The fuel tax subsidy takes a simpler form, with the government effectively subsidising the cost price of fuel by reducing the tax levied on it by 8.33 cents per litre.

In addition to the subsidies, Christodoulides announced a set of one-off cash support measures for vulnerable members of society.

Those include a payout for single parents in the form of €250 per child, with families with more than four children set to receive an additional amount on top. This will be added onto another €250 per child payout for all families with children.

Christodoulides said these payouts are set to benefit more than 27,000 families across the country.

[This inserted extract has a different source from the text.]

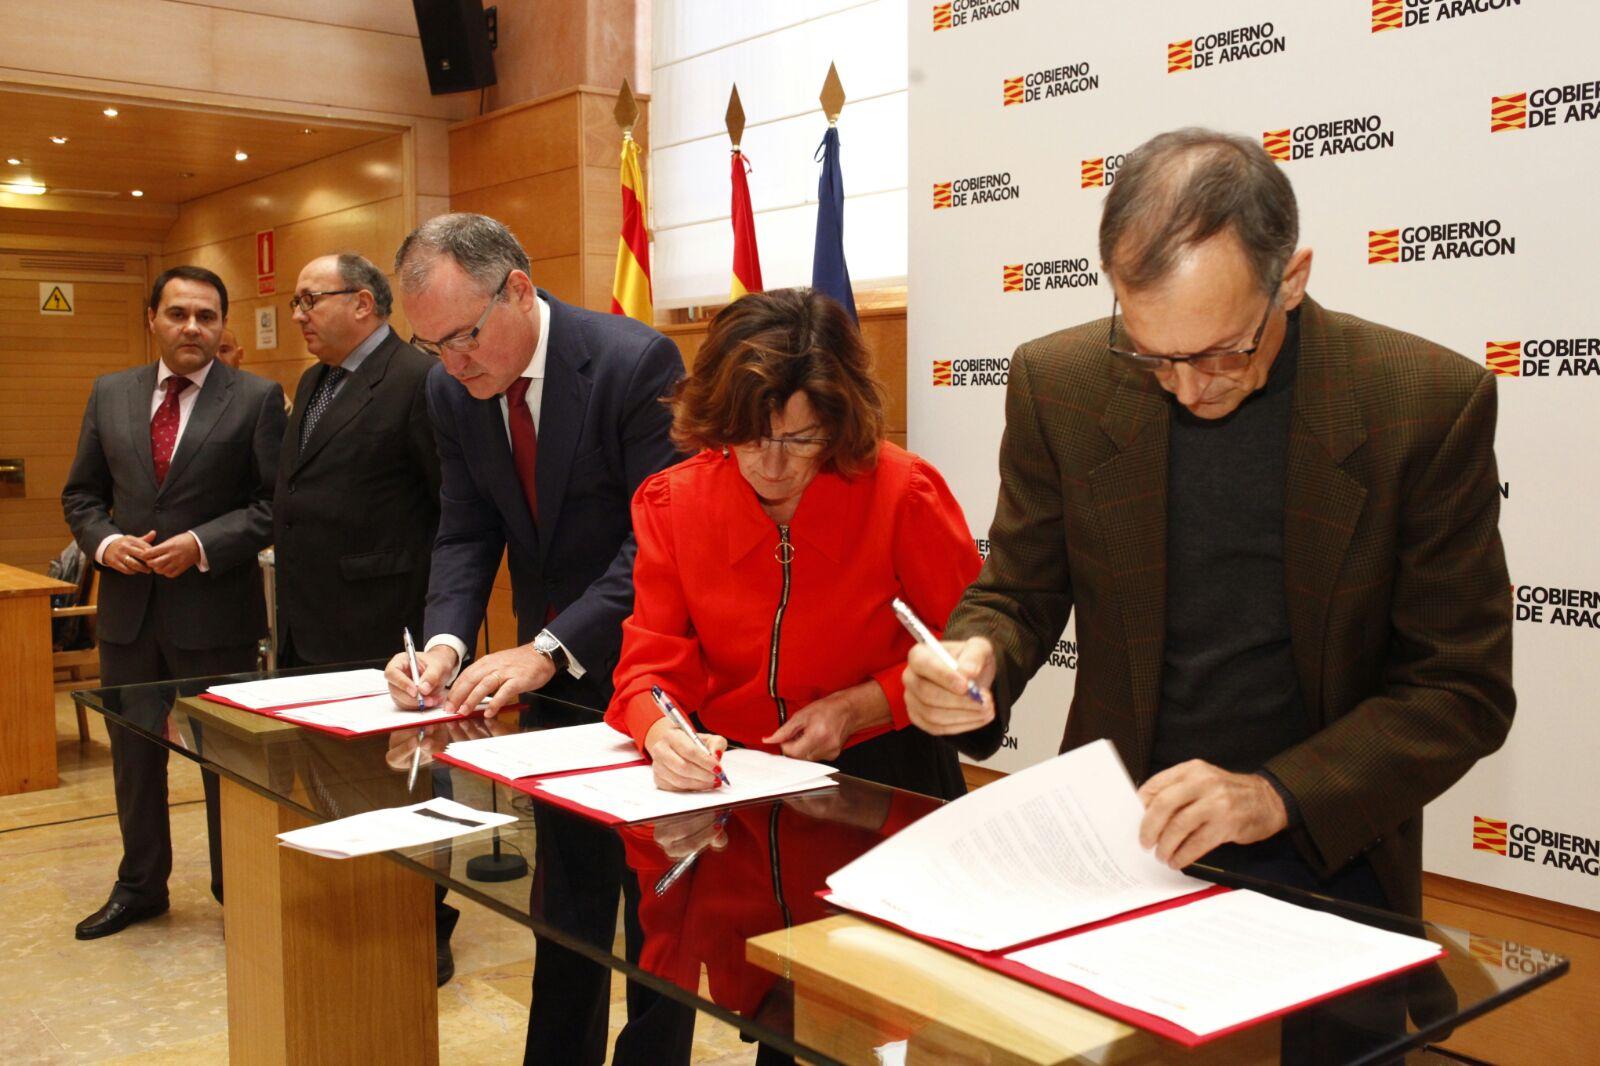 Para disminuir el índice de pobreza energética en #Aragón 600 hogares familias vulnerables @GobAragon, @ecodes y @Endesa firman un convenio https://t.co/Yoh8qtW3pz

He also announced that he would add an extra €2m to the budget for the government’s electric car subsidies after Transport Minister Alexis Vafeades on Tuesday said that interest in the scheme had “exceeded the government’s expectations”.

There was also a raft of measures for internally displaced persons.

The mortgage subsidy for internally displaced persons has been increased from €130,000 to €200,000, with the maximum subsidy period increased from 20 to 30 years. The income criteria for applications for the subsidy have also been abolished.

The subsidy for home repairs for internally displaced persons was also doubled from €50,000 to €100,000, with income criteria for applications also abolished on this measure.

The subsidy for students who are descended from internally displaced persons has also been extended to cover their maintenance costs, while new lending plans for home renovations and the purchase of household appliances by internally displaced persons have also been set out.

In addition, applications made by internally displaced persons for housing loans will no longer take into account whether the applicants own another home unless they bought that home through the same scheme.

The government has also announced the abolition of the flat €350 annual company levy.

Closing his announcement, Christodoulides also referred to the fact that VAT on meat and vegetables has been zeroed until the end of May, having been initially scrapped at the beginning of December.

Akel were dissatisfied with the measures, saying they are “not enough to tackle the rising cost of living”.

They pointed out the limited lifespan of the fuel and electricity subsidies.

“As long as the government does not structurally address the problem of high energy costs, households and businesses will continue to be burdened with increased costs,” Akel said.

Structural addressing of the problem, they said, consists of supporting a further rollout of renewable energy sources, particularly solar power.

They also expressed their displeasure at “the absence of measures for low-paid pensioners and the very limited budget in comparison to support provided by the rest of the European Union’s member states.”

On the other hand, Dipa said they “welcome the measures with satisfaction”, describing them as an “adaptation and strengthening” of the “generous” package announced by Christodoulides in October.

They said the measures will “continue to support Cypriot society”, and that they see the measures which support internally displaced people as “particularly positive”.

They also expressed their “pleasure” at the fact “our recommendations were listened to and adopted.”

Edek were also satisfied with the package, saying the government “did the right thing”.

They added that it is “important to support vulnerable sections of society, and families with many children, and single parents.”